In 2006, the first Iraqi trial[1] of Saddam Hussein and his seven co-defendants was undeniably the most publicised trial, the show trial, in the ‘war on terror’. This trial, and the executions which followed, have been met with strong criticism from various organisations and individuals concerned about procedural flaws and unfairness, as well as from governments and groups opposed to the application of the death penalty. Critics of the trial process include Human Rights Watch, an international human rights organisation which constantly monitored the trial proceedings.[2] Human Rights Watch has argued that the trial process was fundamentally flawed, with significant administrative, procedural and substantive legal defects.[3] These defects detract from the credibility of the trial[4] and from its value as part of the historical record of human rights violations under Saddam’s government.[5]

However, my focus is not on the defects in the trial process. I am interested, rather, in the themes of violence and play: in the extent to which multiple acts of violence surrounded, supported, justified, corroded and were judged in the trial process; and in the central role of different forms of play within this process. Play, in the form of ceremony or spectacle, is integral to the administration of state violence.
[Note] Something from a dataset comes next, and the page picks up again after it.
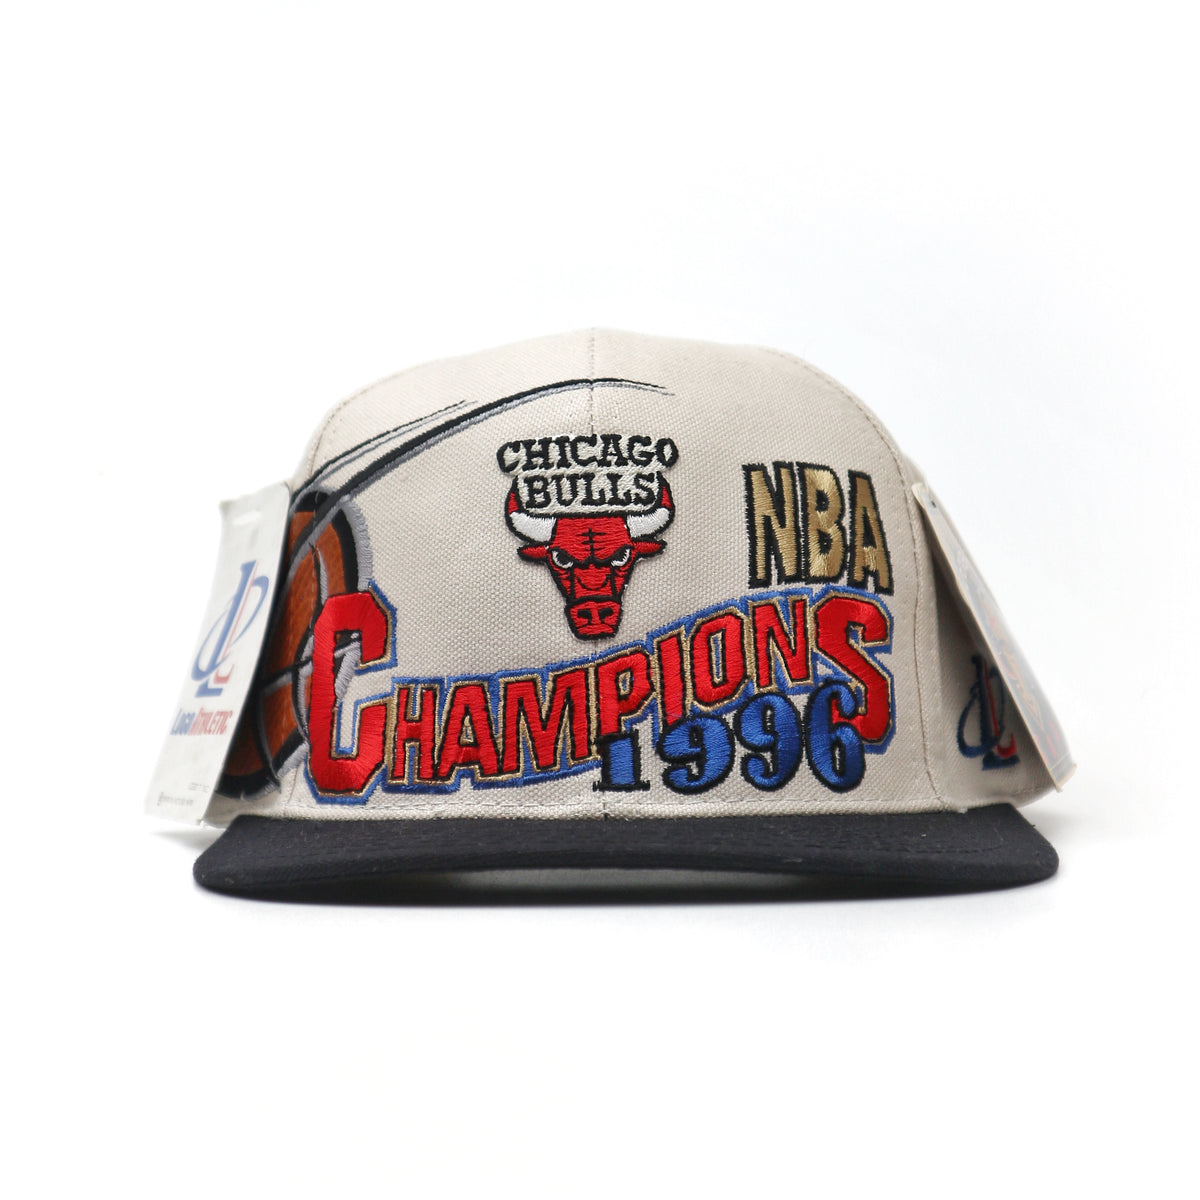 Vintage 1996 Chicago Bulls Eastern Conference Finals Champs Snapback

Yet Saddam’s trial also demonstrates the possibilities of play as an antidote to such violence, as a subversive device which can disrupt and undermine the ordered performance of law-preserving violence.

II VIOLENCE AND PLAY

I shall explore the multiple manifestations of violence in Saddam’s trial by drawing on Walter Benjamin’s distinction between lawmaking violence and law-preserving violence.[6] Saddam’s trial exemplifies the characteristic interplay between these two forms of violence, or what Benjamin describes as the ‘dialectical rising and falling’ in these forms of violence.[7] In this ‘oscillation’, lawmaking violence contributes to the origin of every state, which then exercises law-preserving violence in ‘suppressing hostile counterviolence’.[8] Eventually, when ‘new forces of those earlier suppressed [forms of violence] triumph over the hitherto lawmaking violence and thus found a new law’,[9] the cycle continues.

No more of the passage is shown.